International Institute for Carbon-Neutral Energy Research (WPI-I(2)CNER), Kyushu University, 744 Moto-oka, Nishi-ku, Fukuoka 819-0395, Japan; Department of Chemistry and Biochemistry, Graduate School of Engineering, Kyushu University, 744 Moto-oka, Nishi-ku, Fukuoka 819-0395, Japan.
International Institute for Carbon-Neutral Energy Research (WPI-I(2)CNER), Kyushu University, 744 Moto-oka, Nishi-ku, Fukuoka 819-0395, Japan; Department of Chemistry and Biochemistry, Graduate School of Engineering, Kyushu University, 744 Moto-oka, Nishi-ku, Fukuoka 819-0395, Japan; Centre for Small Molecule Energy, Kyushu University, 744 Moto-oka, Nishi-ku, Fukuoka 819-0395, Japan.
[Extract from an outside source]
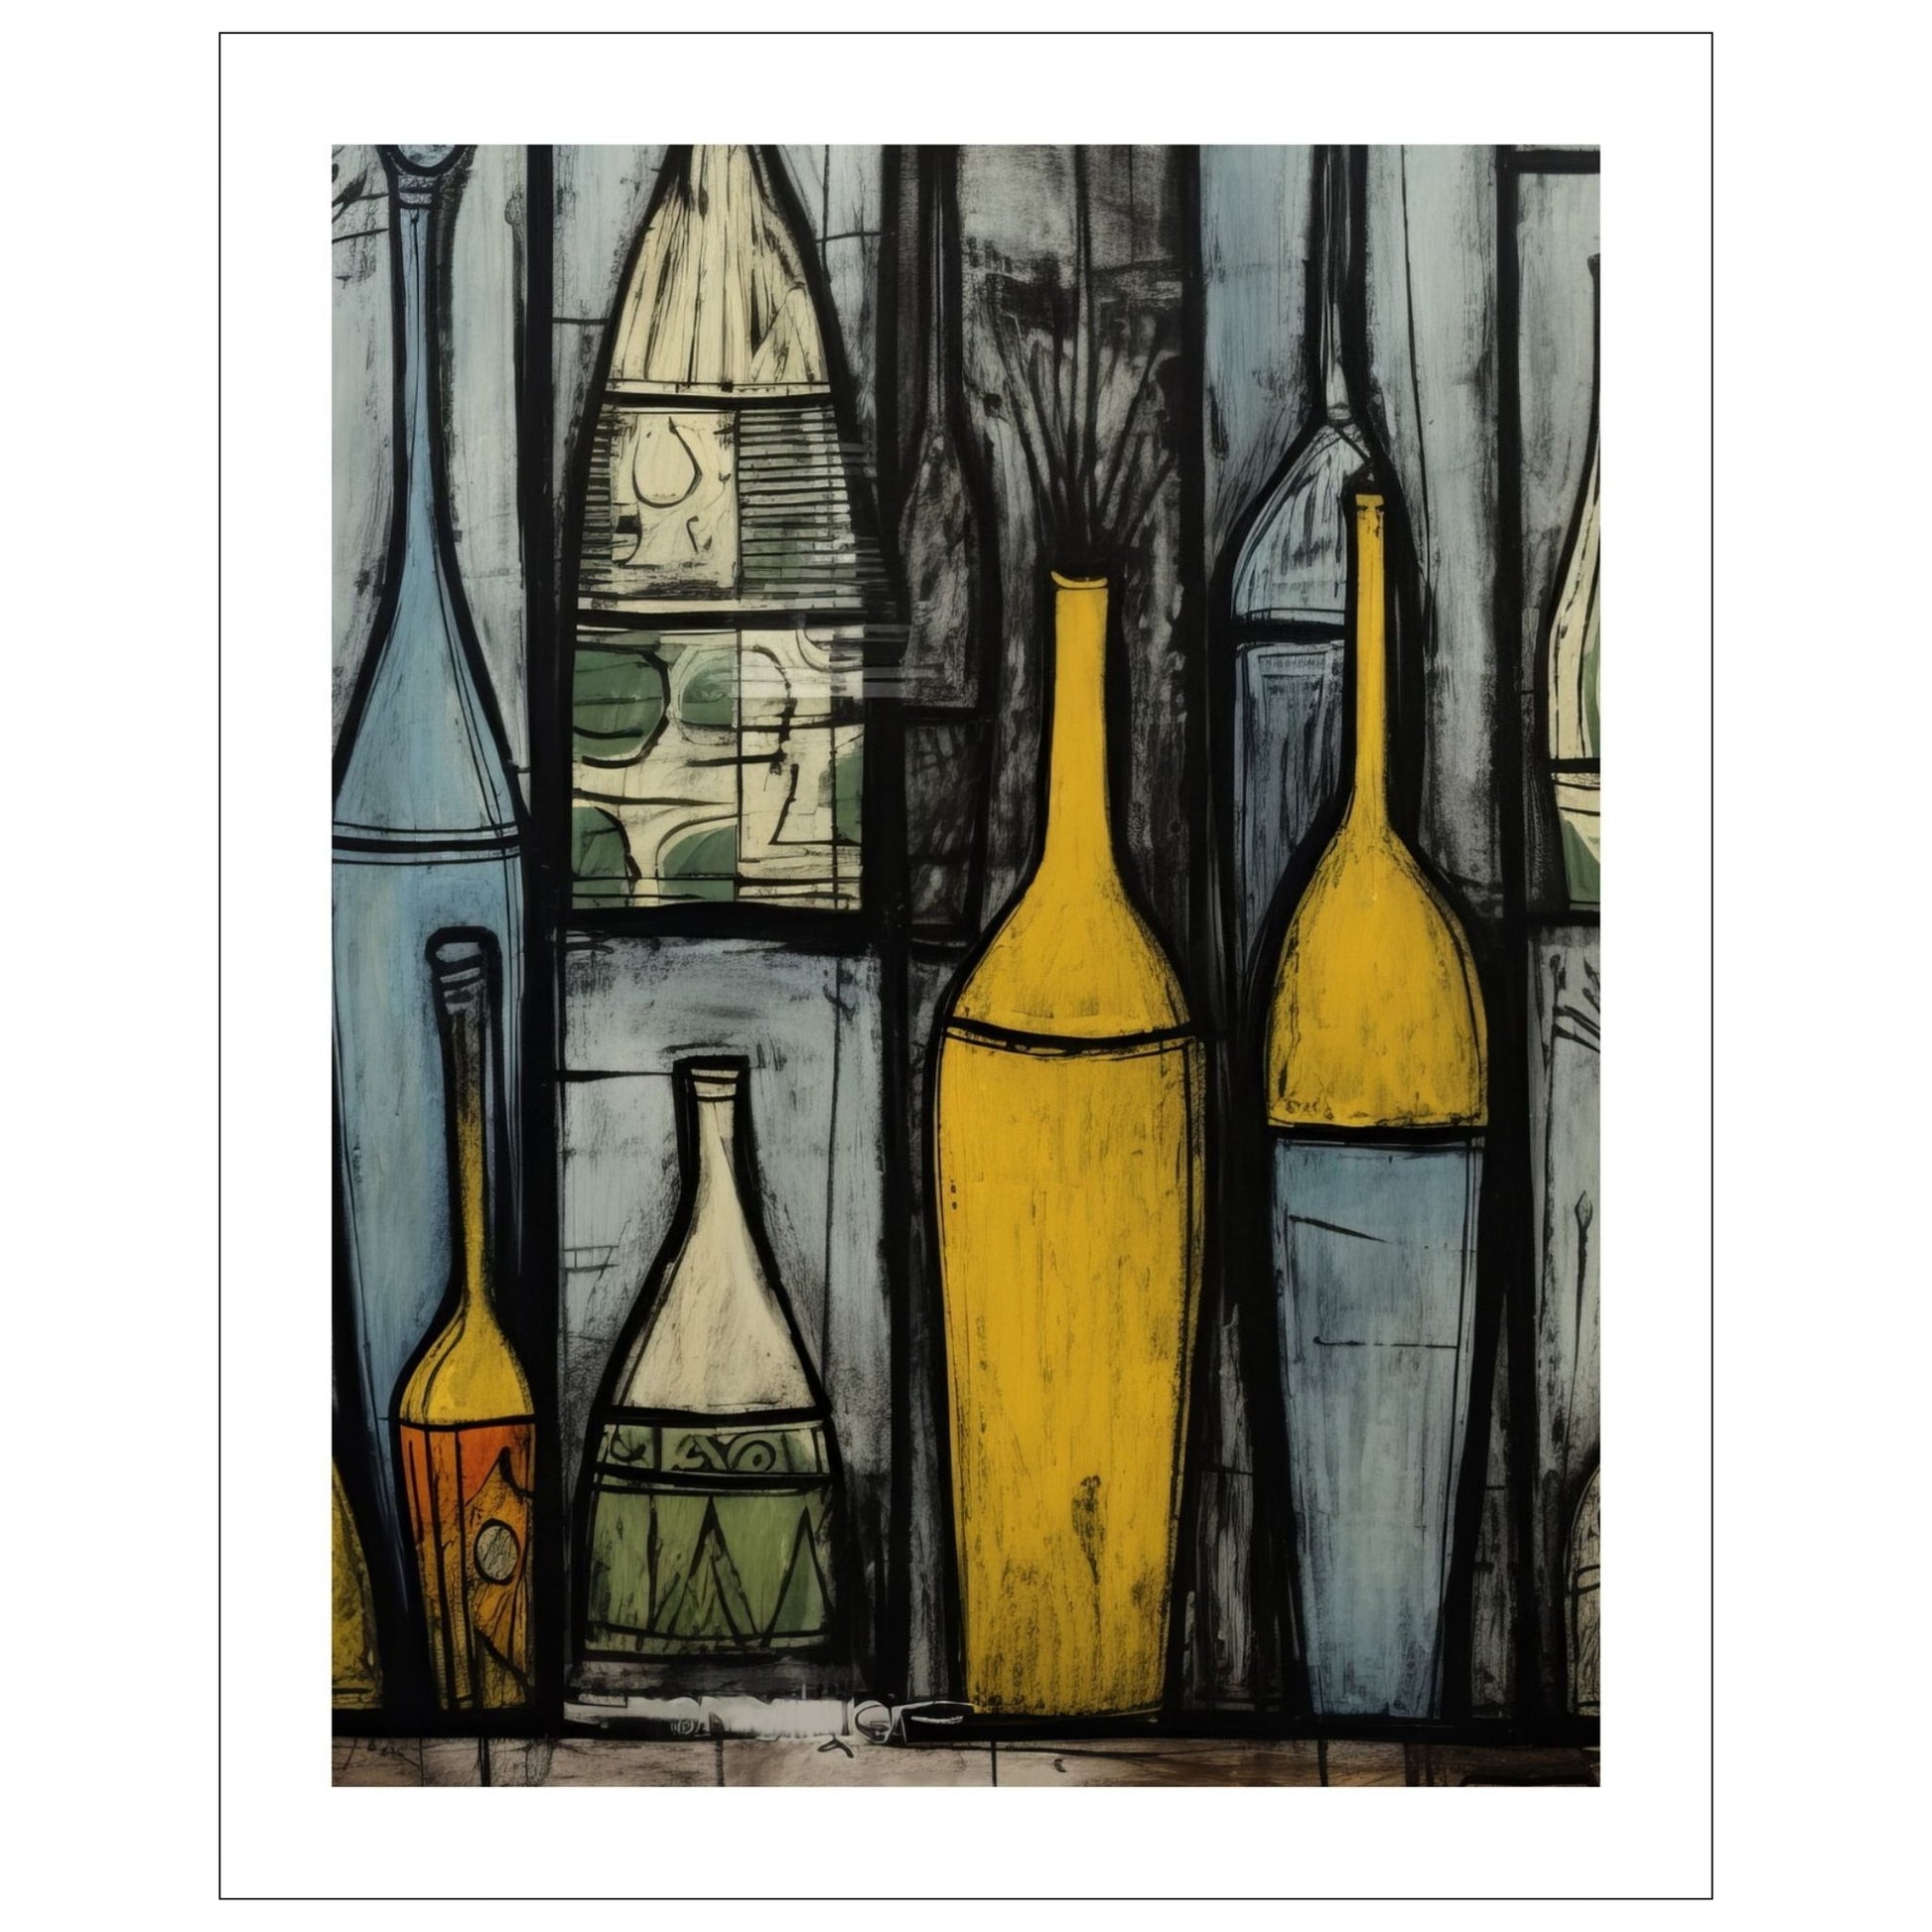 Grafisk plakatmotiv med dekorative flasker i ulike størrelser og fasonger. Motivet har oker, lyseblå, grå og sort som hovedfarger, og innslag av beige og grønne felter.

Bioresour Technol. 2017 Mar;227:279-285. doi: 10.1016/j.biortech.2016.12.051. Epub 2016 Dec 18.
Pyruvate ferredoxin oxidoreductase from Citrobacter sp. S-77 (PFOR) was purified in order to develop a method for acetyl-CoA production. Although the purified PFOR showed high O-sensitivity, the activity could be remarkably stabilized in anaerobic conditions. PFOR was effectively immobilized on ceramic hydroxyapatite (PFOR-HA) with an efficiency of more than 96%, however, after encapsulation of PFOR-HA in alginate, the rate of catalytic acetyl-CoA production was highly reduced to 36% when compared to that of the free enzyme. However, the operational stability of the PFOR-HA in alginate hydrogels was remarkable, retaining over 68% initial activity even after ten repeated cycles. The results suggested that the PFOR-HA hydrogels have a high potential for biotechnological application.
为了开发乙酰辅酶 A 的生产方法,对柠檬酸杆菌 S-77(PFOR)的丙酮酸铁氧还蛋白氧化还原酶进行了纯化。尽管纯化的 PFOR 表现出对 O2 的高度敏感性,但在厌氧条件下,其活性可以得到显著稳定。PFOR 可以有效地固定在陶瓷羟磷灰石(PFOR-HA)上,效率超过 96%,然而,当 PFOR-HA 被包埋在藻酸盐中时,与游离酶相比,催化乙酰辅酶 A 生成的速率大大降低至 36%。然而,PFOR-HA 在藻酸盐水凝胶中的操作稳定性非常显著,即使经过十次重复循环,仍保留超过 68%的初始活性。结果表明,PFOR-HA 水凝胶在生物技术应用方面具有很高的潜力。